JPMorgan Chase & Co. Chief Executive Officer Jamie Dimon may give investors “a better explanation” of how the bank lost $2 billion on trading and whether the dividend is safe when he appears at an investor conference later today, according to Citigroup Inc. analysts.
“A lot of investors’ concerns have gotten to extreme levels,” wrote Citigroup’s Keith Horowitz in a note to clients. Dimon’s presentation may include “we would hope a very clear statement that dividend is not at risk and that buybacks are still expected in 2012.”
Citigroup called New York-based JPMorgan, the biggest U.S. bank by assets, an “absolute buy,” saying that estimates on the ultimate size of the trading loss “are getting a bit carried away.” A dividend cut is very unlikely, Horowitz wrote.
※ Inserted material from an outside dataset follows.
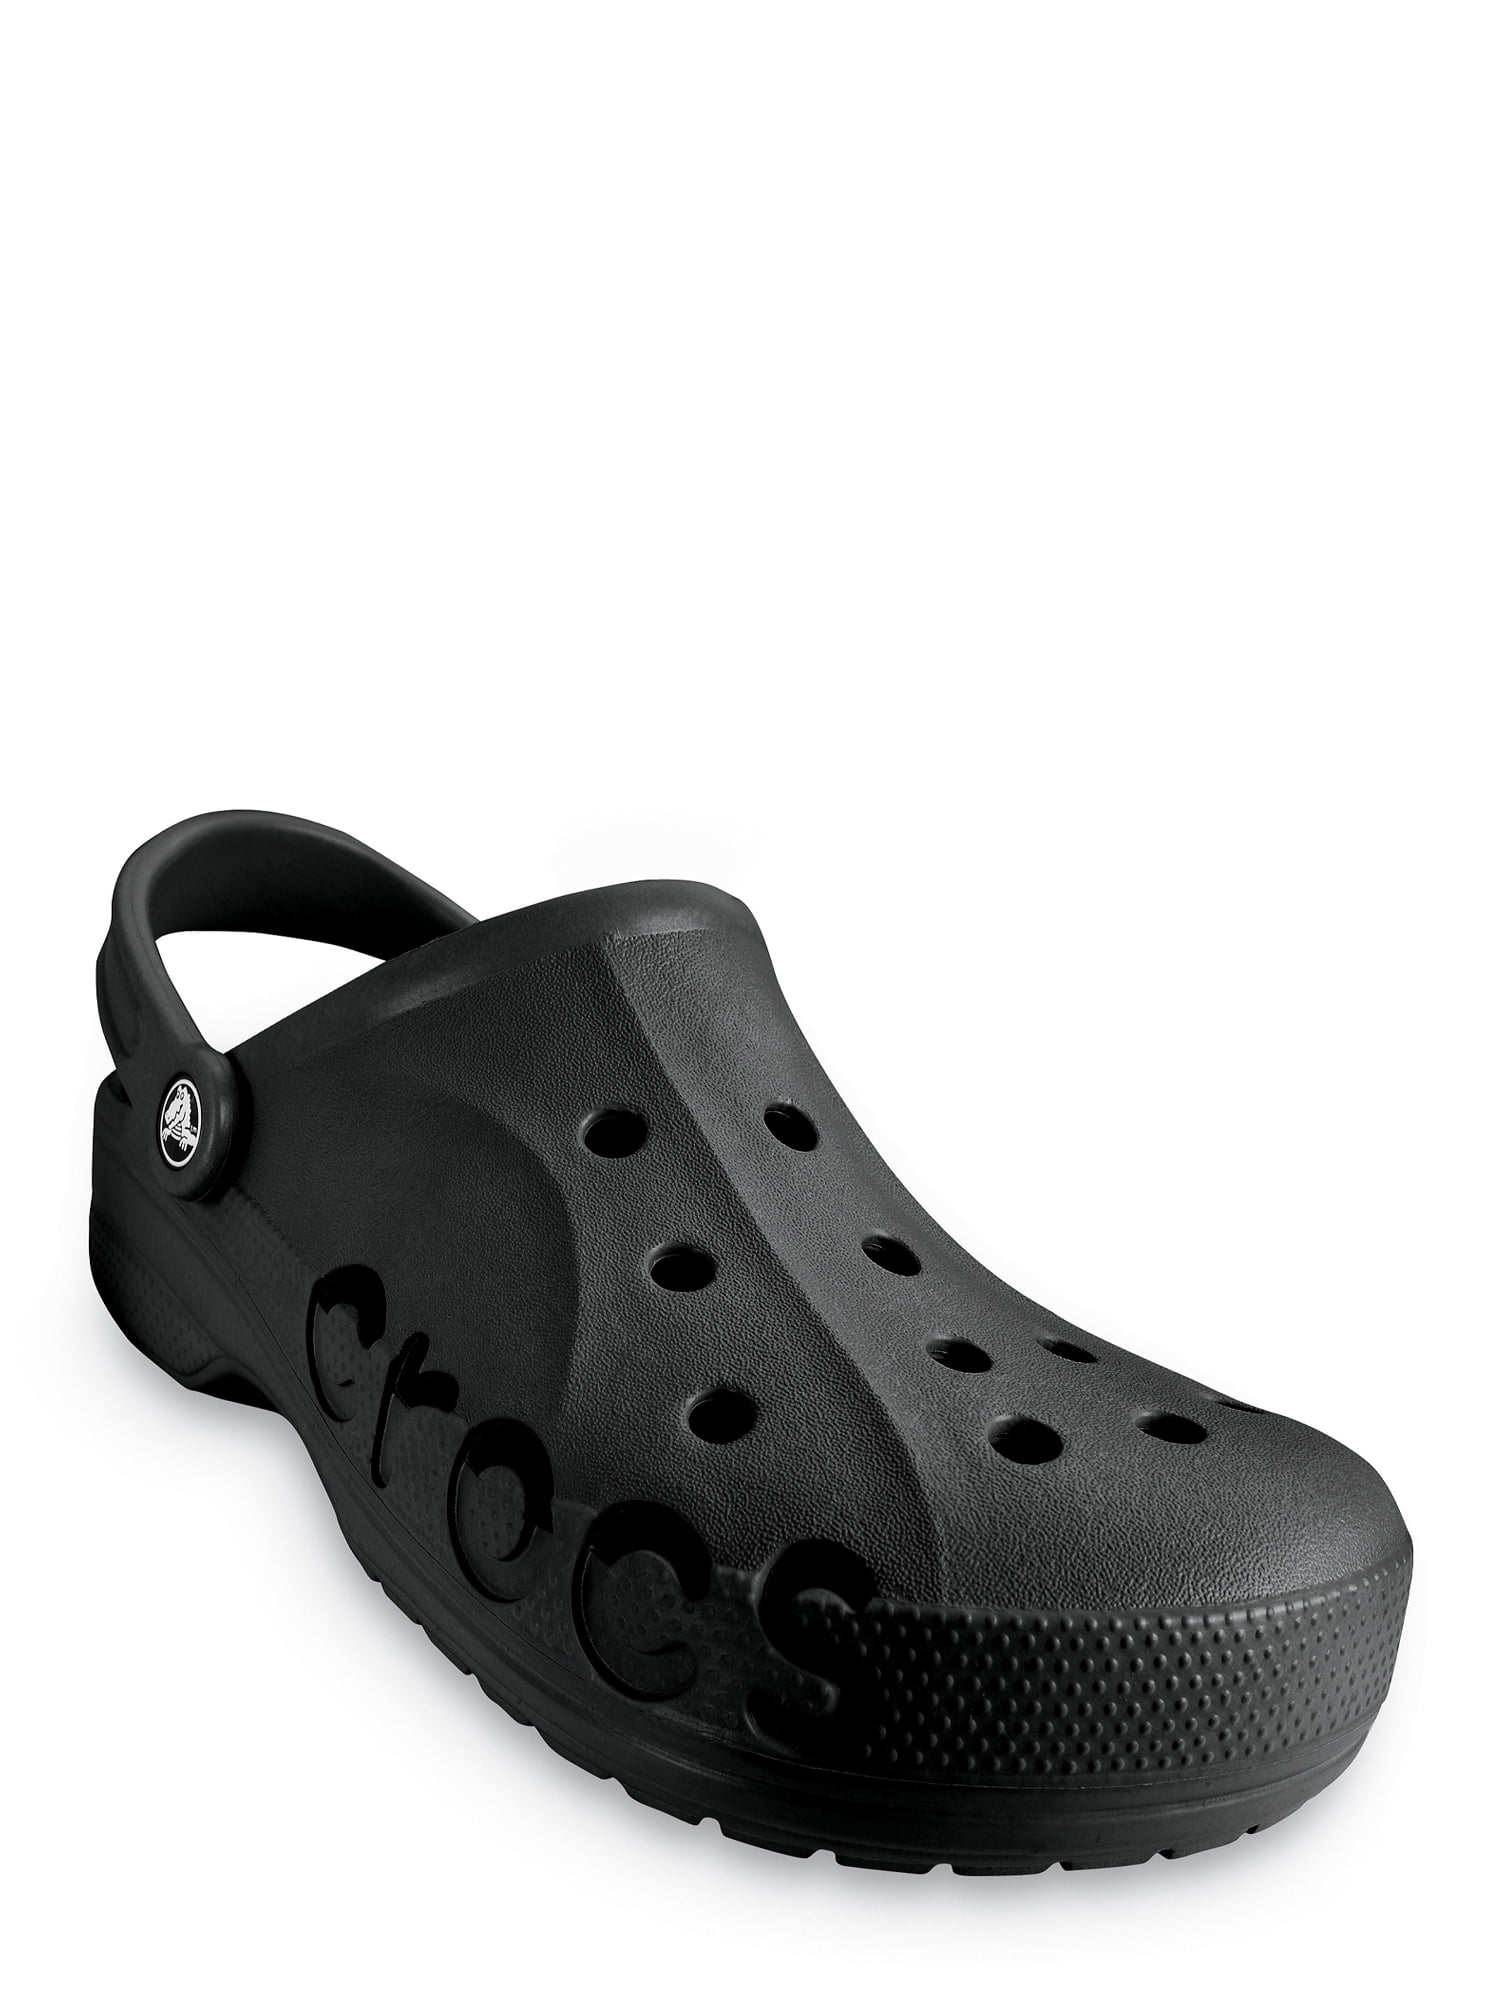 walmart crocs for men
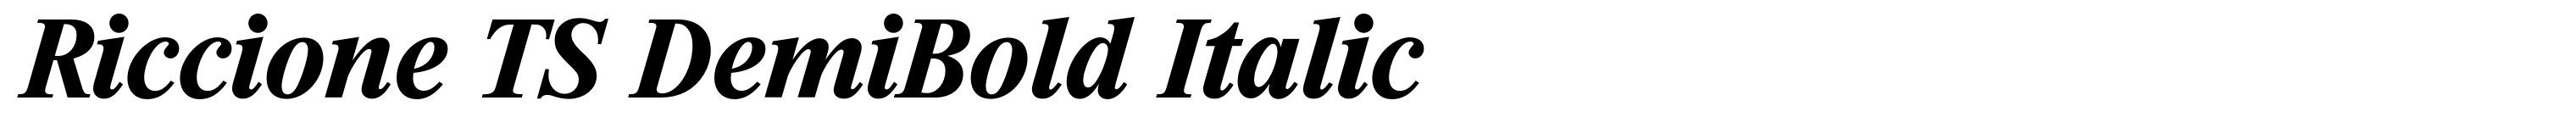 Riccione TS DemiBold Italic

Dimon is scheduled to speak at 9:30 a.m. New York time at a conference sponsored by Deutsche Bank AG in lower Manhattan. He’s under pressure from investors and regulators to explain how the bank’s chief investment office, which is assigned to manage excess cash while minimizing risk, wound up with a $2 billion loss from trades in illiquid credit derivatives.
Dimon announced the loss May 10 and said it could expand in coming weeks. He assailed the bank’s handling of trading in credit derivatives as “flawed, complex, poorly reviewed, poorly executed and poorly monitored.”